The framework mapper 210 may be communicatively coupled to the feature extractor 202, the rating generator 208, and the storage element 110. The framework mapper 210 may include suitable logic, circuitry, interfaces, and/or code, executable by the circuitry, that may be configured to generate the operation-framework mapping. The framework mapper 210 may be configured to receive the one or more ratings associated with each of the plurality of frameworks (hereinafter referred to as the “ratings”). The framework mapper 210 may be further configured to select, for each operation, a target framework from the one or more frameworks associated with the corresponding operation. The target framework may be selected from the one or more frameworks based on the one or more ratings. In an embodiment, the target framework may have the highest rating among the one or more frameworks. Thus, for each operation, one target framework is selected.

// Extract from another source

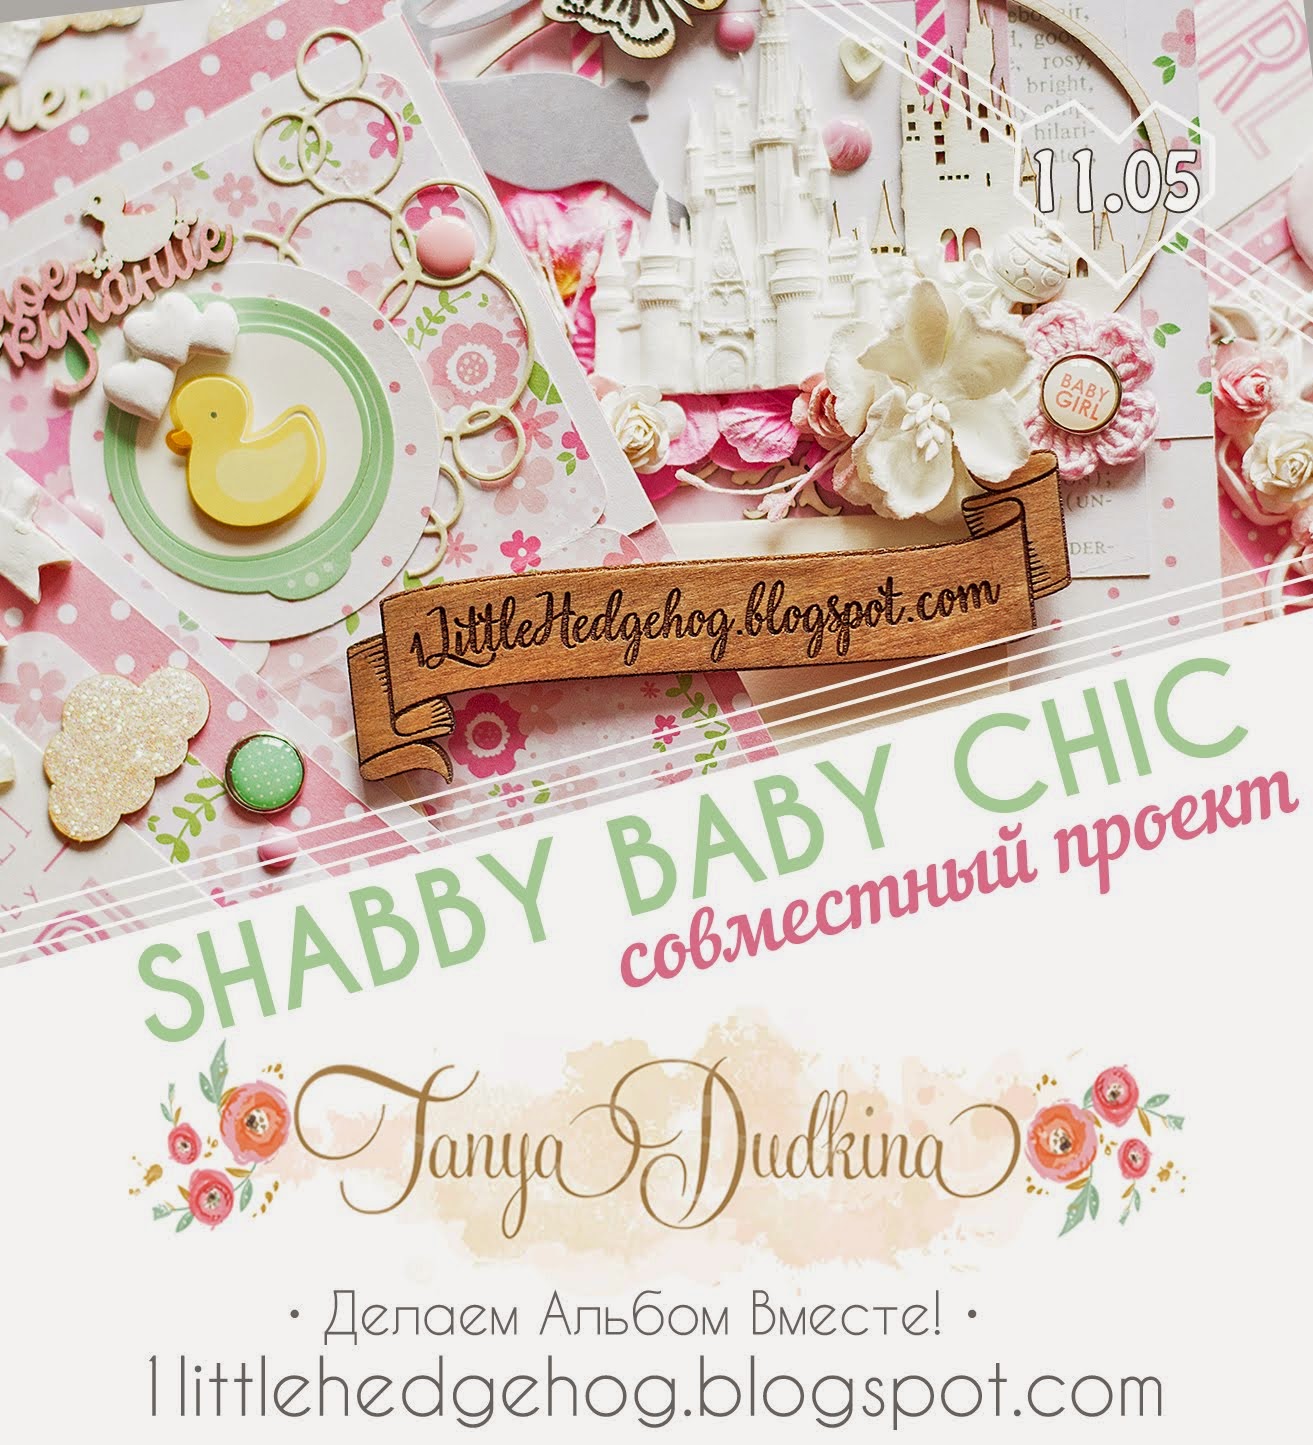 Совместный проект "Shabby Baby Chic" - детский альбом о самых волшебных моментах :)

The framework mapper 210 may be further configured to map the plurality of frameworks to a plurality of operations such that for each operation (e.g., the first operation), a corresponding target framework is mapped. In such a scenario, at least one of the set of functional characteristics of the target framework matches the first operation. Further, the translation instruction set of the target framework is configured to translate the first operation from the predefined syntax to the syntax of the target framework. The framework mapper 210 may be further configured to store the operation-framework mapping in the storage element 110. Particularly, the framework mapper 210 may store the graph database 120 in the storage element 110.

The scope of the present disclosure is not limited to the graph database 120 including exclusively the target framework identified for each operation. In numerous embodiments, the graph database 120 may include a mapping between the plurality of operations and the plurality of frameworks such that each operation has, mapped thereto, the related one or more frameworks and the one or more ratings assigned to the one or more frameworks, respectively. Each rating is indicative of a degree of suitability of the corresponding framework for executing the corresponding operation. In such an implementation, the framework most suited for the execution of any operation may be selected based on the ratings during the task execution.

The frameworks utilized in the design time implementation are not static and any changes in the frameworks result in re-assessment of the framework for task execution. For example, in an embodiment, the feature extractor 202 may be configured to determine whether at least one framework of the plurality of frameworks is updated. The update of the framework may correspond to changes in the framework records associated therewith. The determination may be executed in a periodic manner or based on the occurrence of a specified event. Based on the determination that the at least one framework is updated, the feature extractor 202 may be further configured to update the features associated with the updated framework. Further, the translation engine 204 may be configured to update the translation instruction set associated with the updated framework based on the updated features. Additionally, the rating generator 208 may be further configured to update, based on the updated features, a rating associated with the updated framework.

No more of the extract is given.